Print a faithful copy of the data below, word for word, with the pictures left out.

#### [Available data]
══════════════════════════════

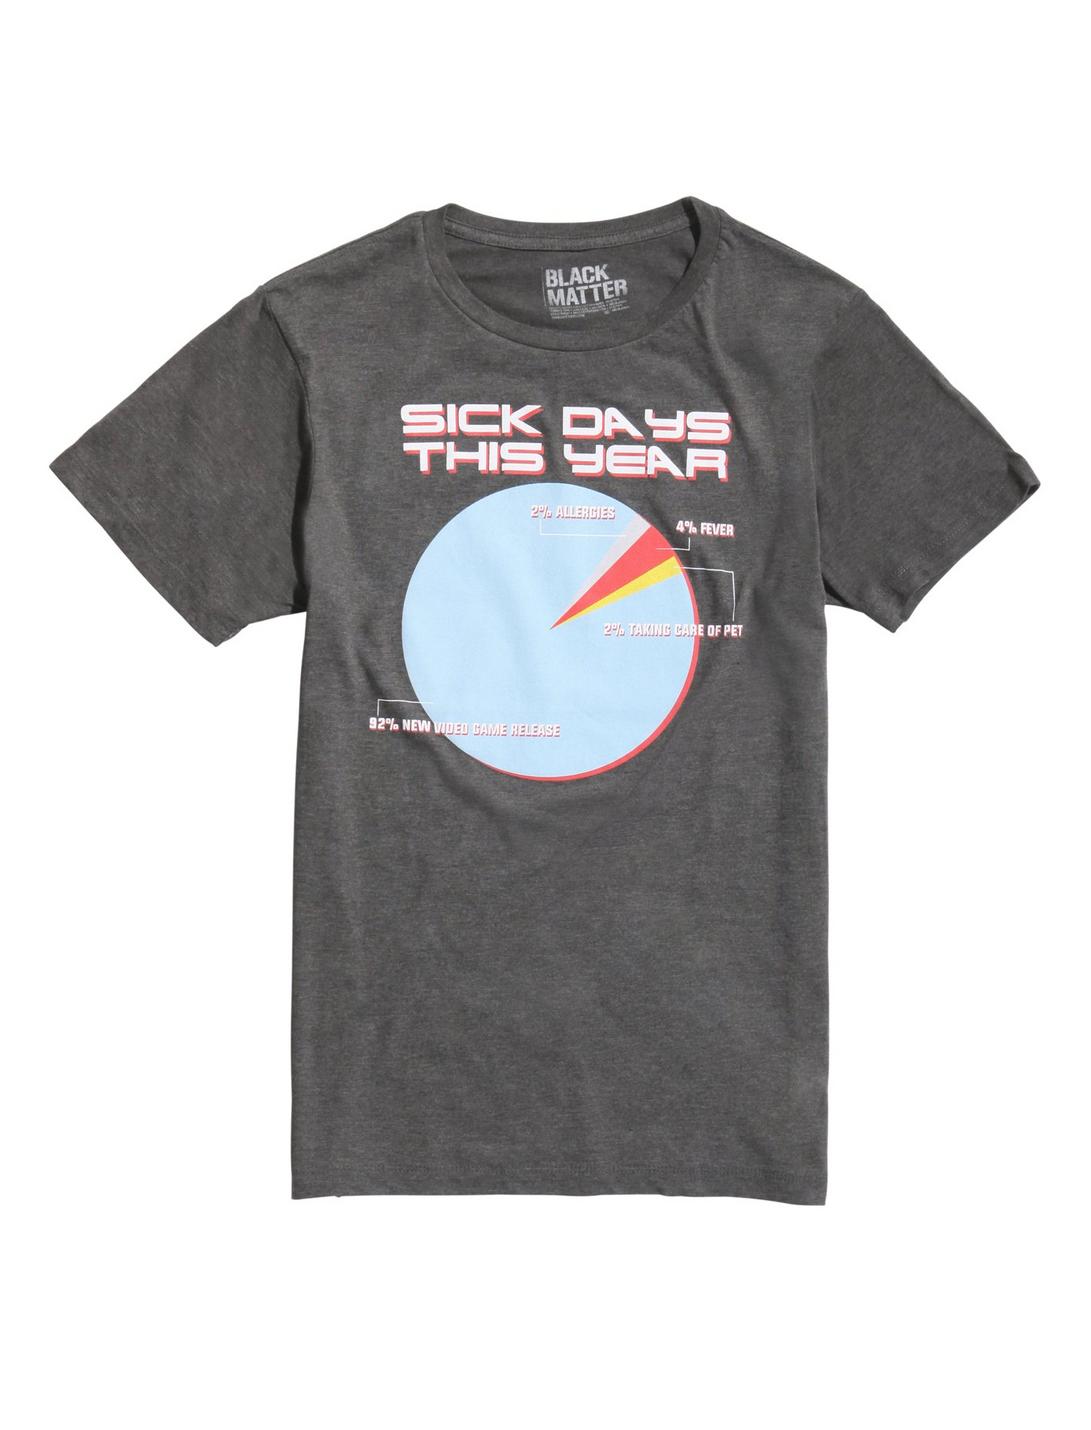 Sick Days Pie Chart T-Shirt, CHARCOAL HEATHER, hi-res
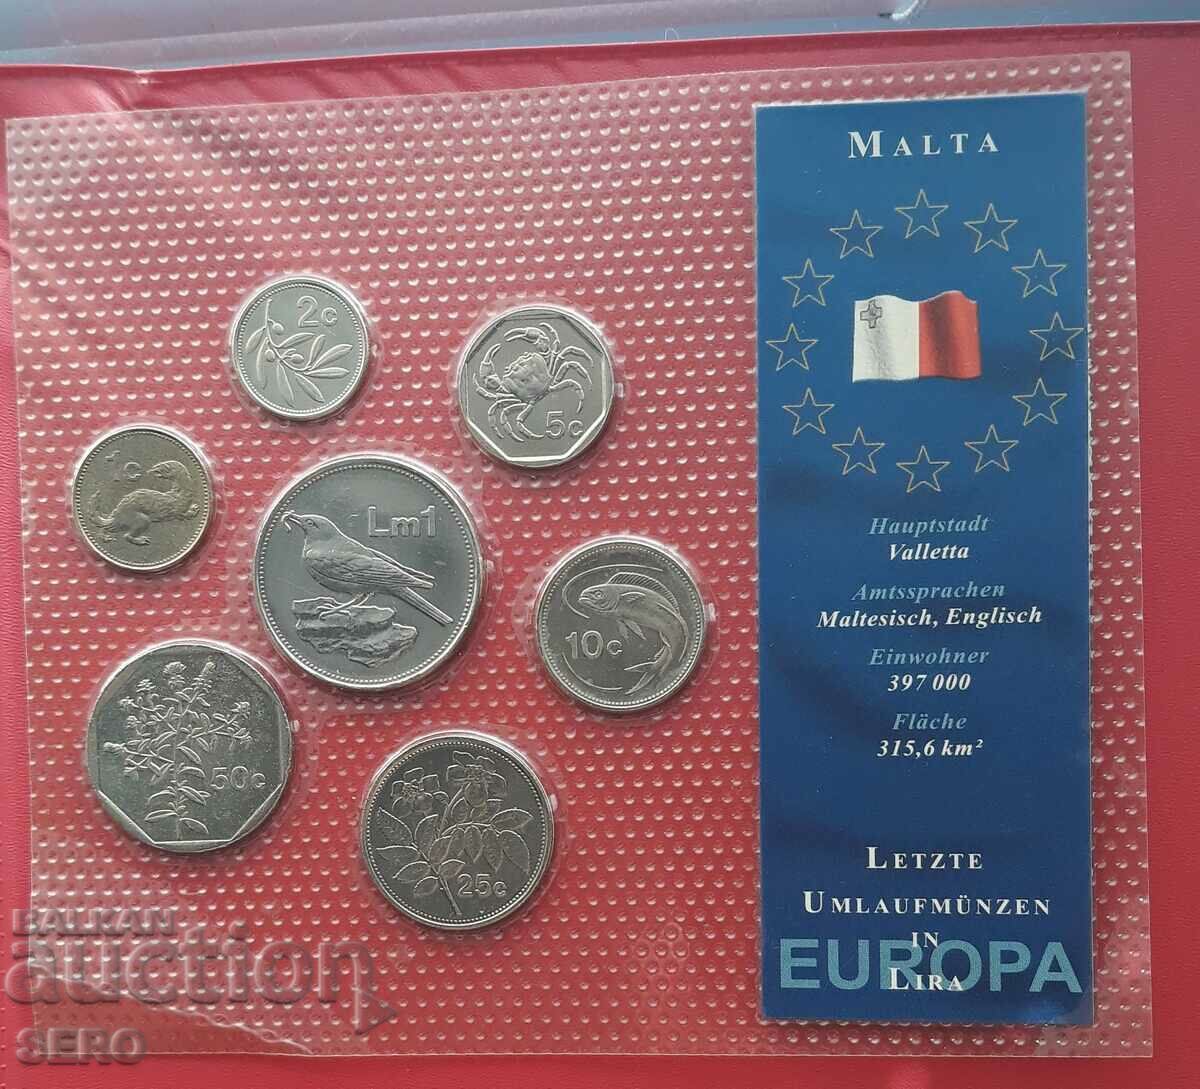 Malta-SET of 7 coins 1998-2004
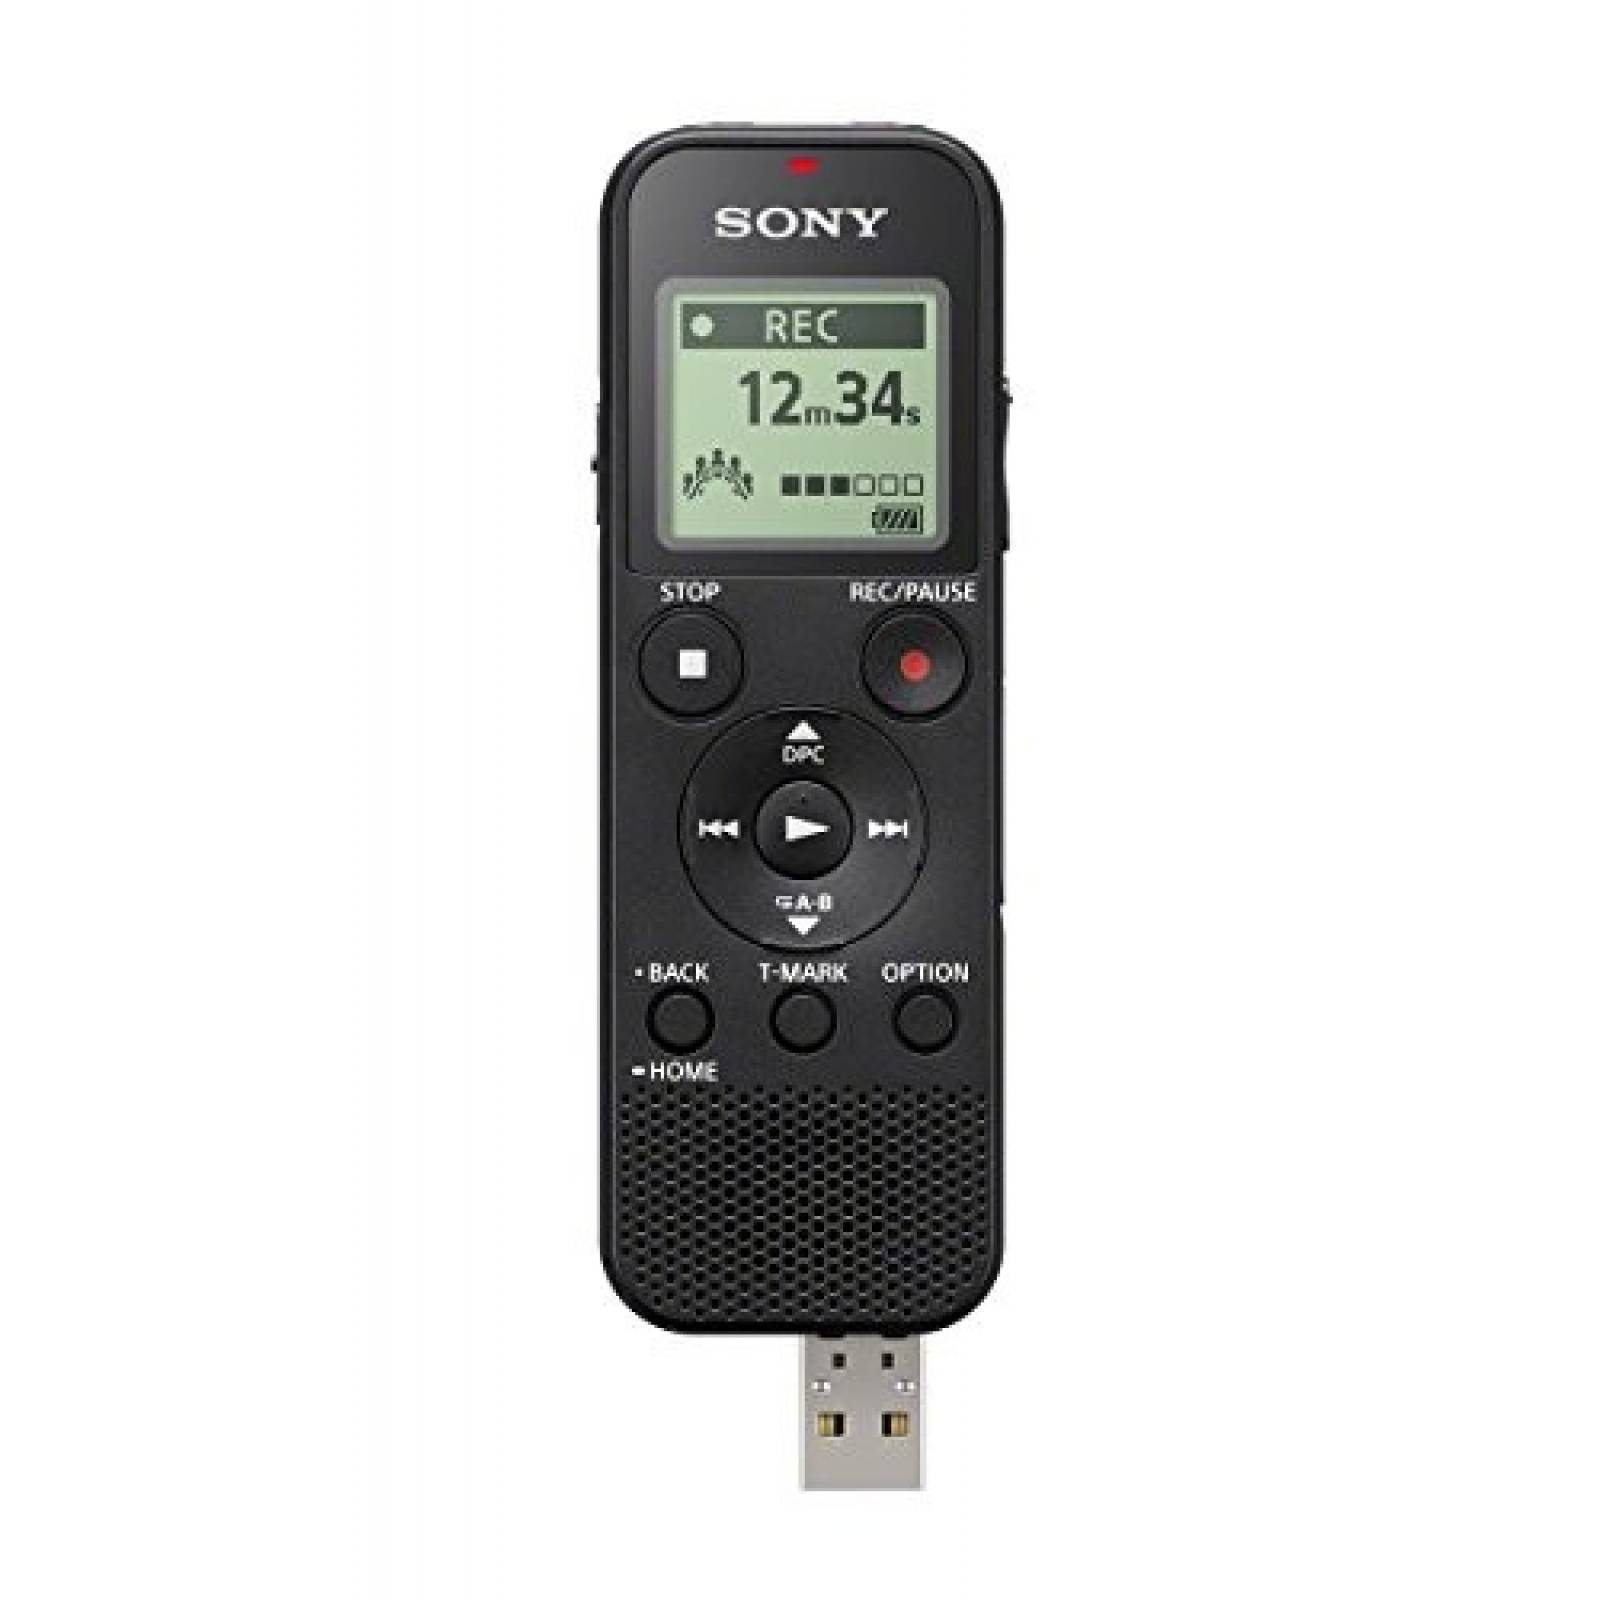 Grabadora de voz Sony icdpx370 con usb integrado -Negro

══════════════════════════════

#### [Answer]
 Sick Days Pie Chart T-Shirt, CHARCOAL HEATHER, hi-res
 Malta-SET of 7 coins 1998-2004
 Grabadora de voz Sony icdpx370 con usb integrado -Negro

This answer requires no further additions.